Interwoven Teamsite Branches
Interwoven Teamsite had an extremely complex method of managing content publication hierarchy. The content repository could be segmented into branches and sub-branches. A branch would have one Staging area, one or more Editions and one or more Workareas.
An Edition was a snapshot of the entire branch at a certain point. Workareas were areas where users or groups could work on in-progress content. You could control item locking (via check-in, check-out) or resolve workarea differences in Staging.
The overall model was extremely complex, and one of the potential reasons why Teamsite fell out of favor (the other being the decoupled nature of Teamsite as dynamic systems such as Drupal, Ektron, Episerver, Sitecore, and Day CQ became more popular). Most of those systems reduced the complexity to a simple two-stage (editing/draft and published/live) process. Marketers tended to prefer the agility of those systems over the complex governance that Teamsite provided. Additionally, an administrator would need to map these complex branch relationships into a URL directory structure on the rendered site.
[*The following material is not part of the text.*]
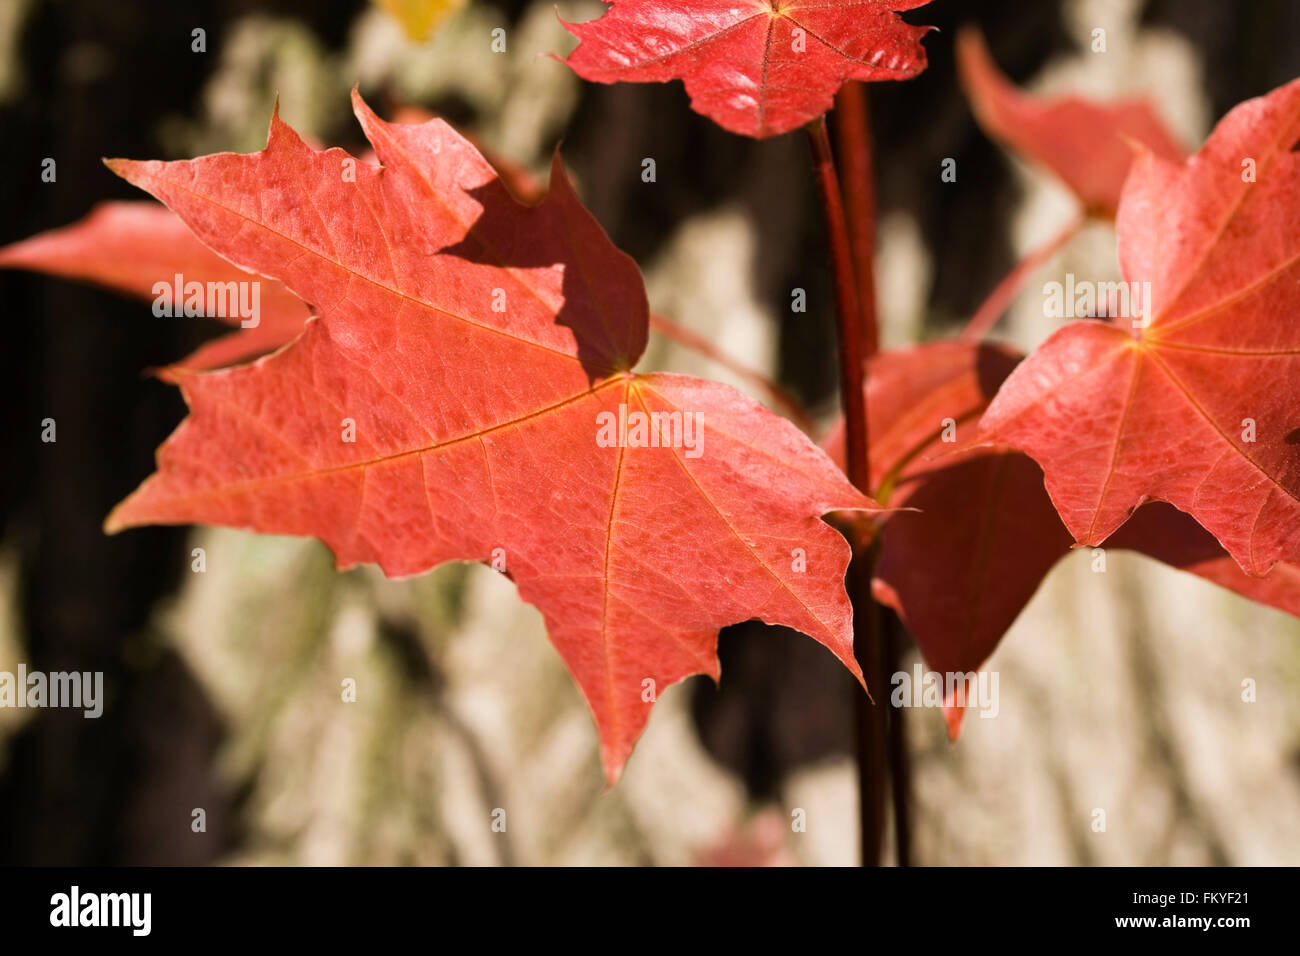 Closeup view of red maple leaves with shallow depth of field. Stock Photo

That said, with the rise of omni-channel use cases such as kiosk and mobile applications, many headless systems now support functions similar to editions, where an entire set of content may be associated with an external product/application version - so many of these concepts are being revisited to suit product-oriented tasks, rather than web pages. Ironically, the pattern of Teamsite having a form-based content repository, coupled with static site generation and content deployment (via OpenDeploy) is now a very common approach with headless CMS systems. The difference being today the tools today are far cheaper and far more mature (easy content modeling, better APIs, SaaS delivery, extensive APIs and webhooks, easy interface customization, etc.)